Posted: Fri Apr 20, 2007 8:45 pm
by Luke
I'm using this function to validate email addresses and it allows me@me to go through. Why... is that rfc-compliant?

Code: Select all

<?php
// Copyright (C) 2001 Ron Harwood and L. Patrick Smallwood
// This program is free software; you can redistribute it and/or
// modify it under the terms of the GNU General Public License
// as published by the Free Software Foundation; either version 2
// of the License, or (at your option) any later version.
//
// This program is distributed in the hope that it will be useful,
// but WITHOUT ANY WARRANTY; without even the implied warranty of
// MERCHANTABILITY or FITNESS FOR A PARTICULAR PURPOSE.  See the
// GNU General Public License for more details.
//
// You should have received a copy of the GNU General Public License
// along with this program; if not, write to the Free Software
// Foundation, Inc., 51 Franklin Street, Fifth Floor, Boston, MA  02110-1301, USA.
//
// File: functions/validateemailformat.php

function validateEmailFormat ($email)
{
    // This is based on page 295 of the book 'Mastering Regular Expressions' - the most 
    // definitive RFC-compliant email regex.

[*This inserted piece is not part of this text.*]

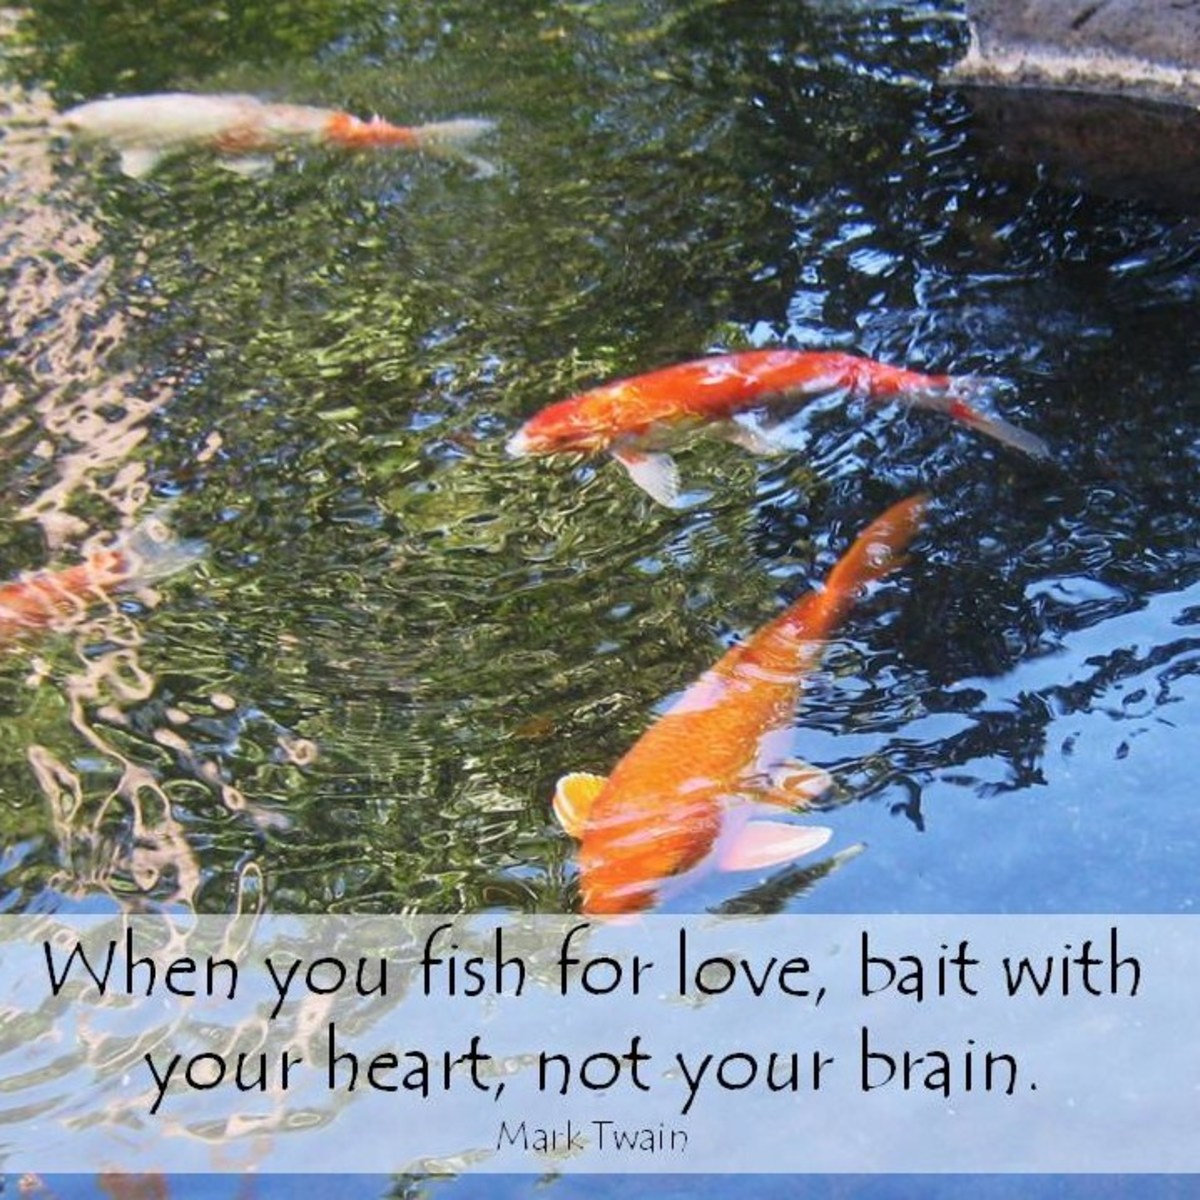 Sharing a romantic quote with your spouse is one way to say 'I love you!'

    // Some shortcuts for avoiding <span style='color:blue' title='I&#39;m naughty, are you naughty?'>smurf</span>
    $esc        = '\\\\';
    $Period      = '\.';
    $space      = '\040';
    $tab         = '\t';
    $OpenBR     = '\[';
    $CloseBR     = '\]';
    $OpenParen  = '\(';
    $CloseParen  = '\)';
    $NonASCII   = '\x80-\xff';
    $ctrl        = '\000-\037';
    $CRlist     = '\n\015';  // note: this should really be only \015.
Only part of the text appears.